## [Task details]
Reproduce the whole listing below without its pictures, exactly as written.

## [Provided material]
----------------------------------------

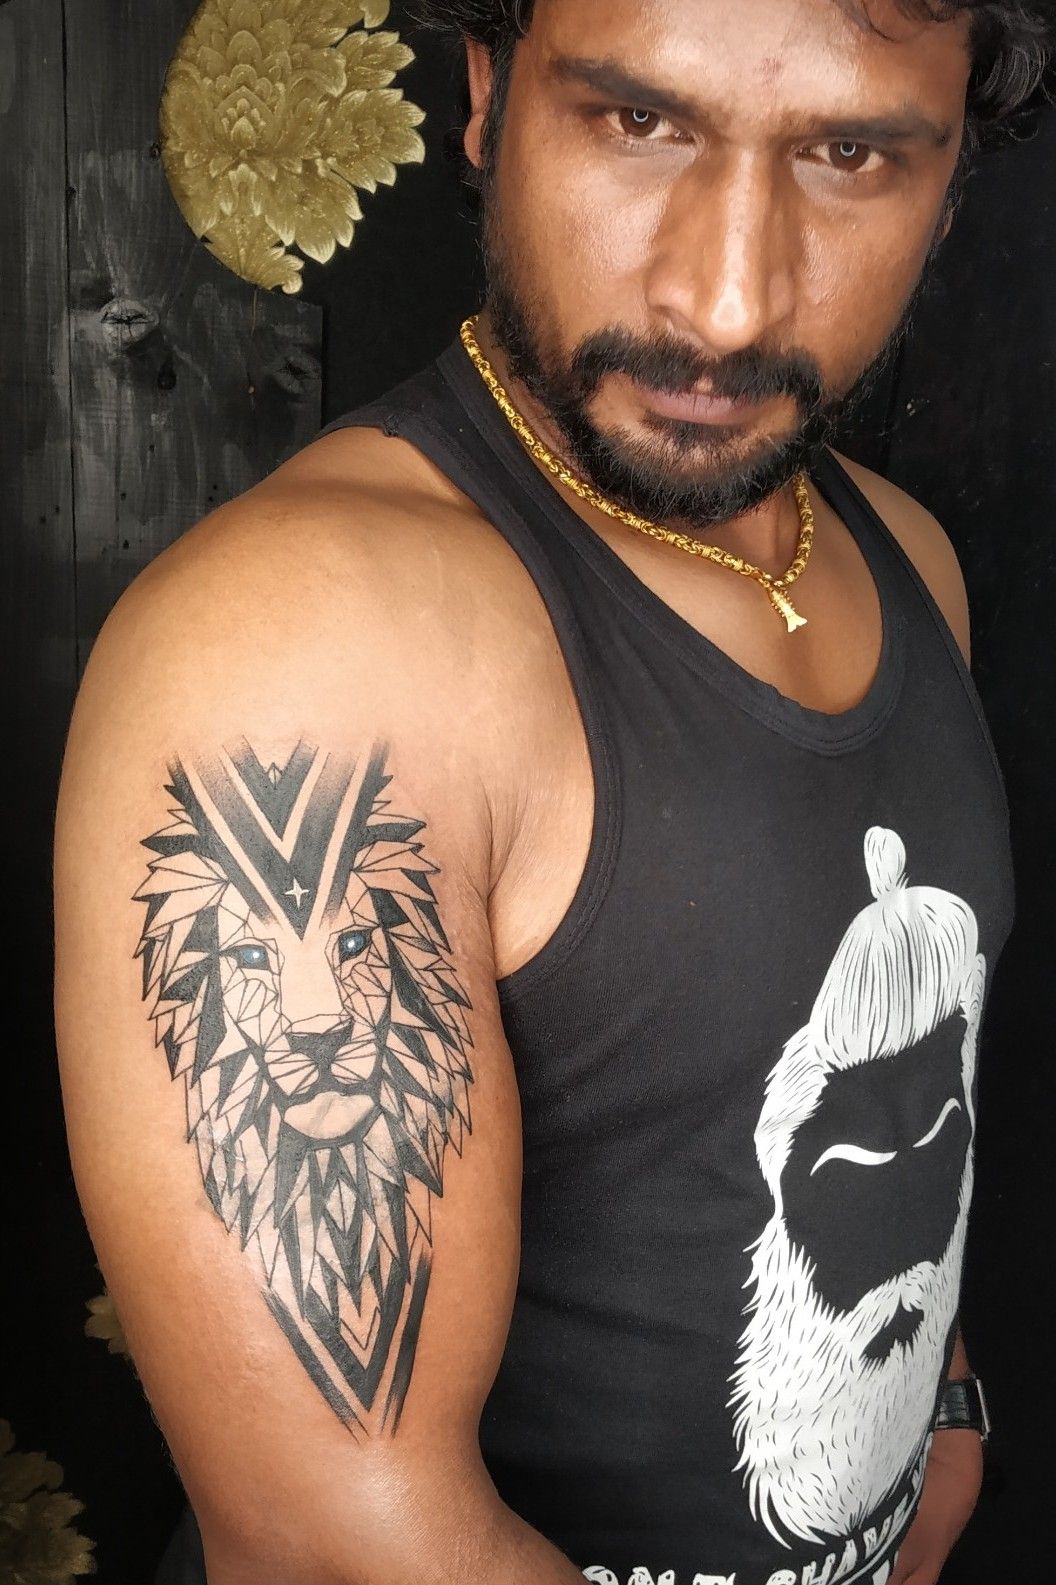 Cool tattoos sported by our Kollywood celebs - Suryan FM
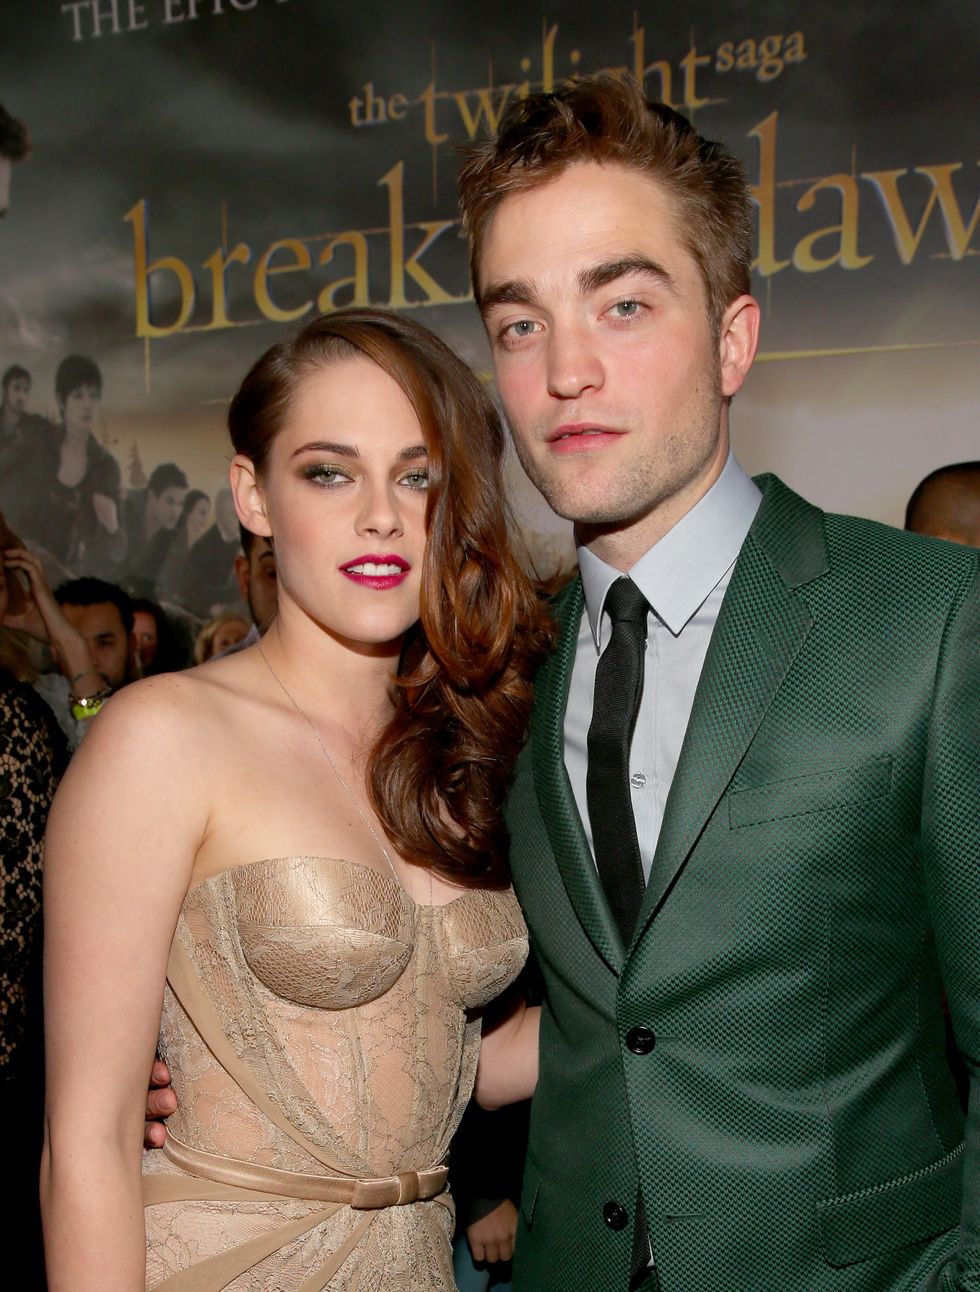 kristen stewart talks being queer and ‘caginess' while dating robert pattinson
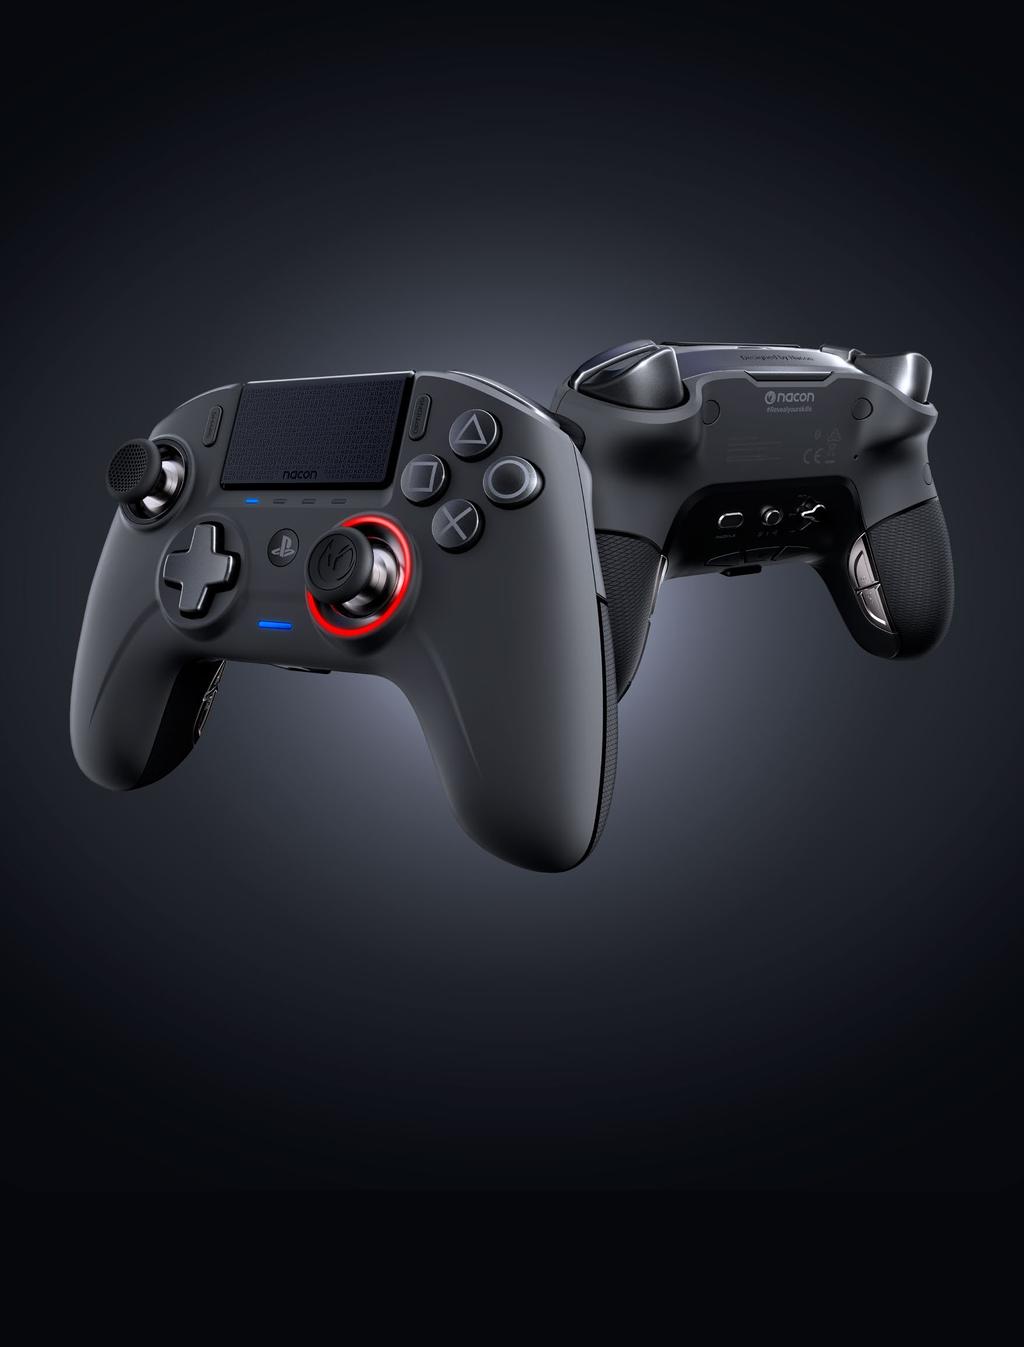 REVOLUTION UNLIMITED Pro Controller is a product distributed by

----------------------------------------

## [Solution]
 Cool tattoos sported by our Kollywood celebs - Suryan FM
 kristen stewart talks being queer and ‘caginess' while dating robert pattinson
 REVOLUTION UNLIMITED Pro Controller is a product distributed by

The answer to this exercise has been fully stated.